Purpose: Transform colored noise (frequency-dependent PSD) to white noise (flat PSD)

Why needed: ML models often assume stationary, white noise. Gravitational wave data has strong colored noise (1/f, violin modes, etc.)

How Whitening Works

  1. Estimate PSD of the data

  2. Compute whitening filter: H(f) = 1 / √PSD(f)

  3. Apply filter in frequency domain

  4. Transform back to time domain

Implementation

from gwexpy.signal.preprocessing.whitening import WhiteningModel

# Create whitening model
whitening_model = WhiteningModel(
    fftlength=4,  # 4-second segments for PSD estimation
    overlap=2,    # 50% overlap
    method='welch'
)

# Fit the model (estimates PSD)
whitening_model.fit(ts)

# Apply whitening
ts_whitened = whitening_model.transform(ts)

print(f"Whitened data: {ts_whitened.name}")
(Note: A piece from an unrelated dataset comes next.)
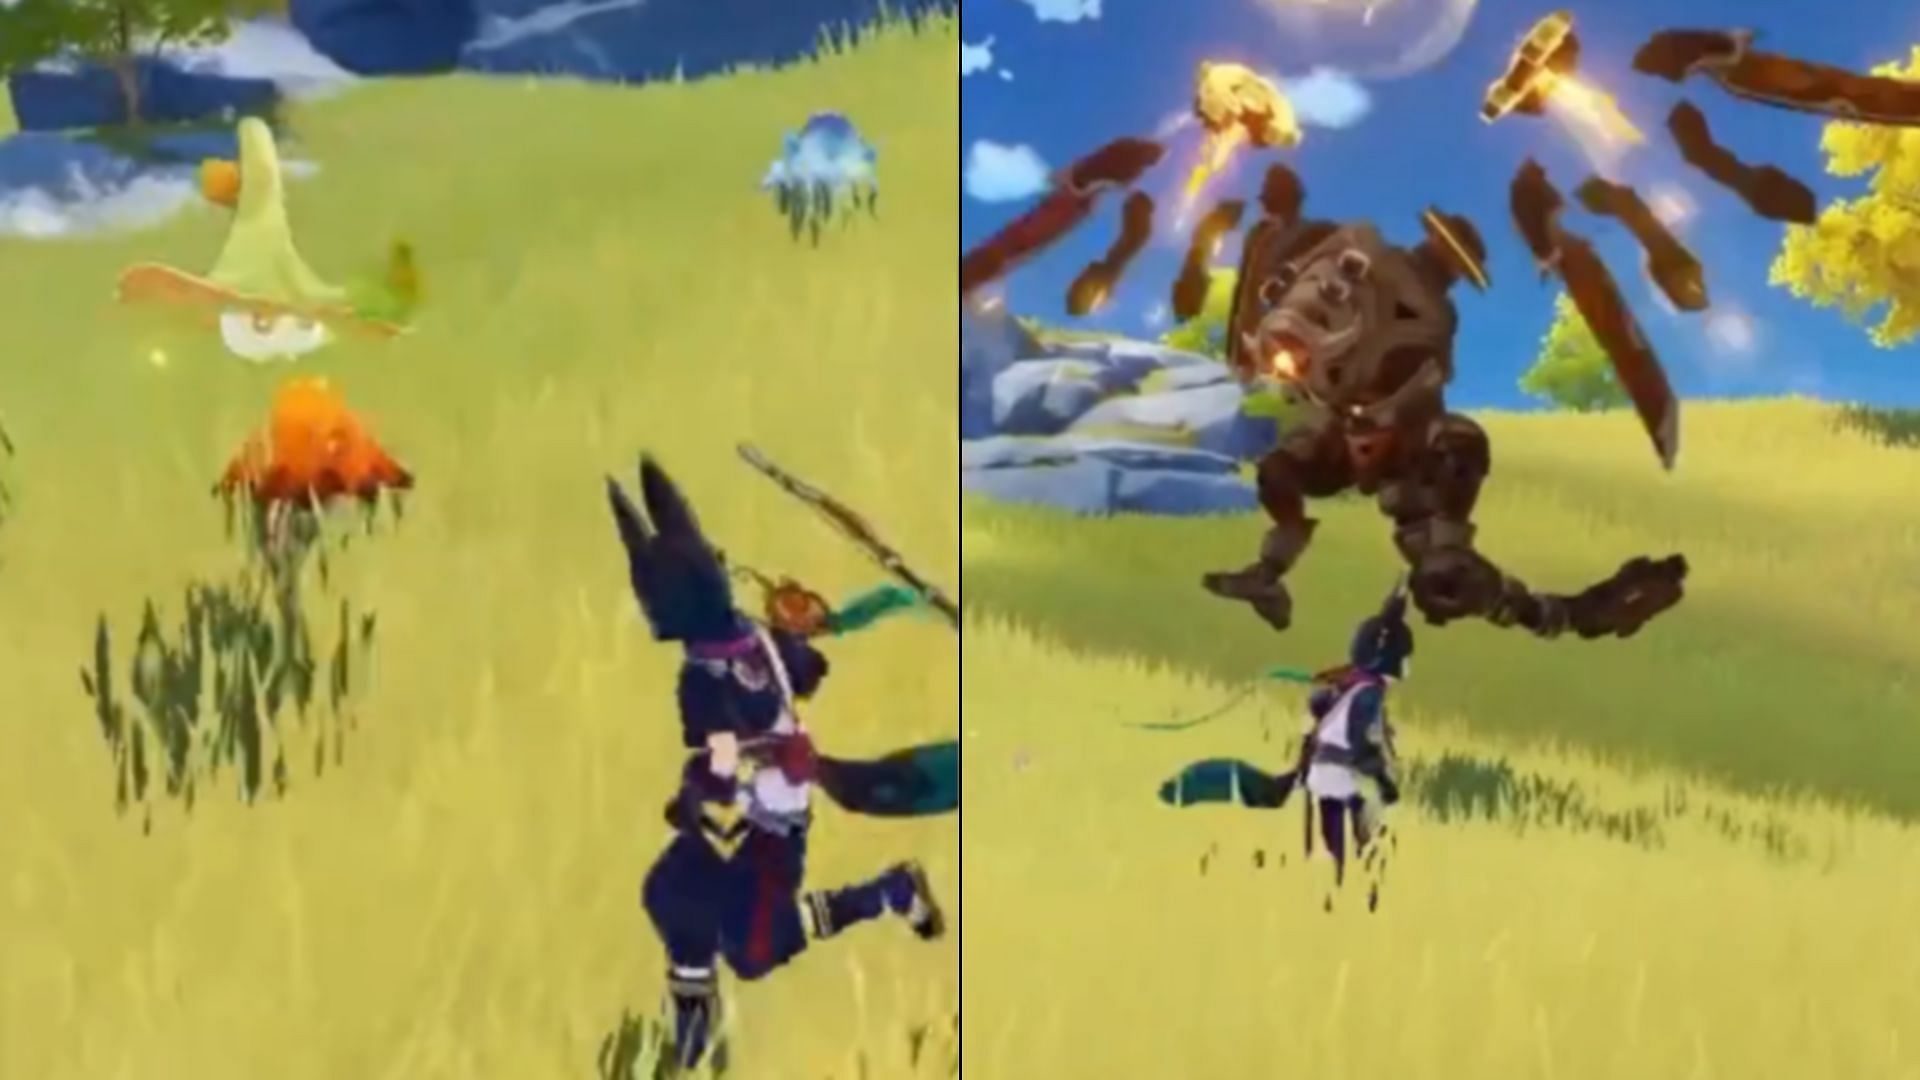 Genshin Impact vs. Breath Of The Wild: Which Is Better?
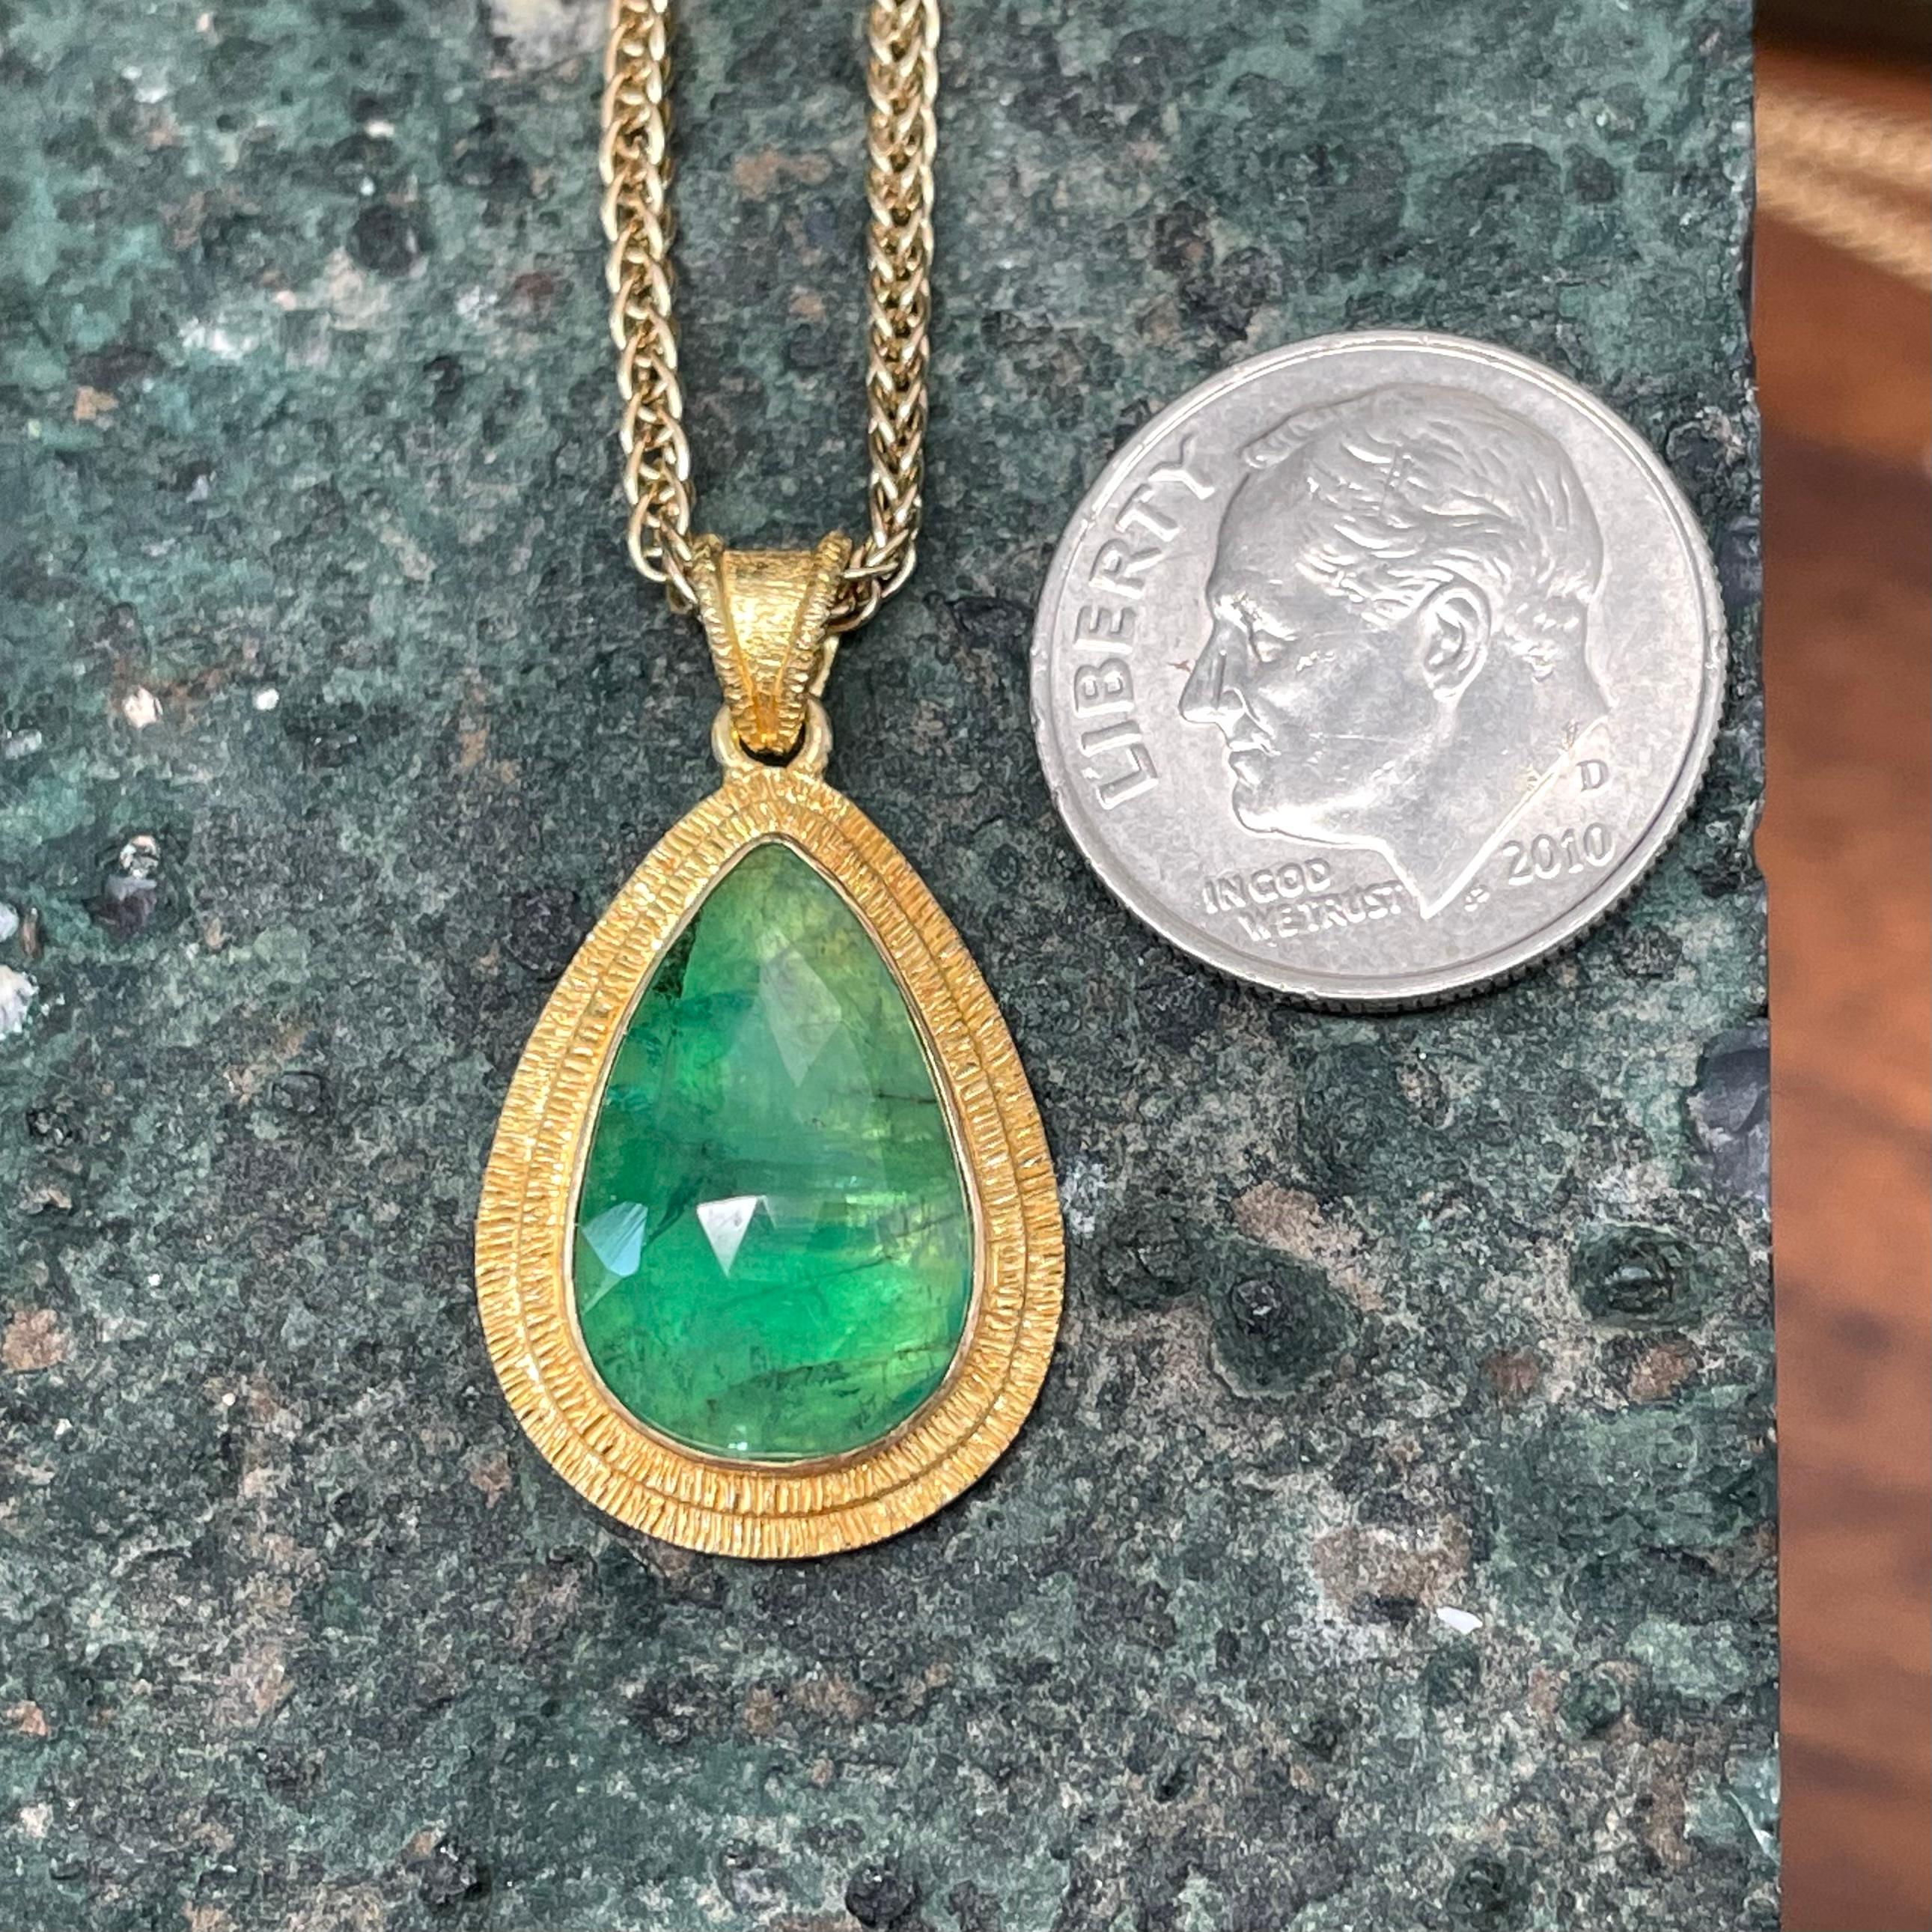 A sweet 10 x 16 mm pear shaped rose cut Zambian emerald is highlighted in an organic doubled line textured bezel with similar bail in this enchanting pendant.  A really nice splash of beautiful green. The 20 inch triple woven 18K chain shown is not

Visualization: Before and After

fig, axes = plt.subplots(2, 2, figsize=(14, 8))

# Time domain - before
axes[0, 0].plot(ts.times.value[:1000], ts.value[:1000], linewidth=0.5)
axes[0, 0].set_title('Original Signal (Time Domain)')
axes[0, 0].set_xlabel('Time (s)')
axes[0, 0].set_ylabel('Strain')
axes[0, 0].grid(True, alpha=0.3)

# Time domain - after
axes[0, 1].plot(ts_whitened.times.value[:1000], ts_whitened.value[:1000], linewidth=0.5, color='orange')
axes[0, 1].set_title('Whitened Signal (Time Domain)')
axes[0, 1].set_xlabel('Time (s)')
axes[0, 1].set_ylabel('Whitened Strain')
axes[0, 1].grid(True, alpha=0.3)

# PSD - before
psd_original = ts.psd(fftlength=4)
axes[1, 0].loglog(psd_original.frequencies.value, psd_original.value)
axes[1, 0].set_title('Original PSD (Colored)')
axes[1, 0].set_xlabel('Frequency (Hz)')
axes[1, 0].set_ylabel('PSD')
axes[1, 0].grid(True, which='both', alpha=0.3)
axes[1, 0].set_xlim(10, 2000)

# PSD - after
psd_whitened = ts_whitened.psd(fftlength=4)
axes[1, 1].loglog(psd_whitened.frequencies.value, psd_whitened.value, color='orange')
axes[1, 1].set_title('Whitened PSD (Flat)')
axes[1, 1].set_xlabel('Frequency (Hz)')
axes[1, 1].set_ylabel('PSD')
axes[1, 1].grid(True, which='both', alpha=0.3)
axes[1, 1].set_xlim(10, 2000)

plt.tight_layout()
plt.show()

Expected Result:

  • Before: PSD slopes down at high frequencies (colored noise)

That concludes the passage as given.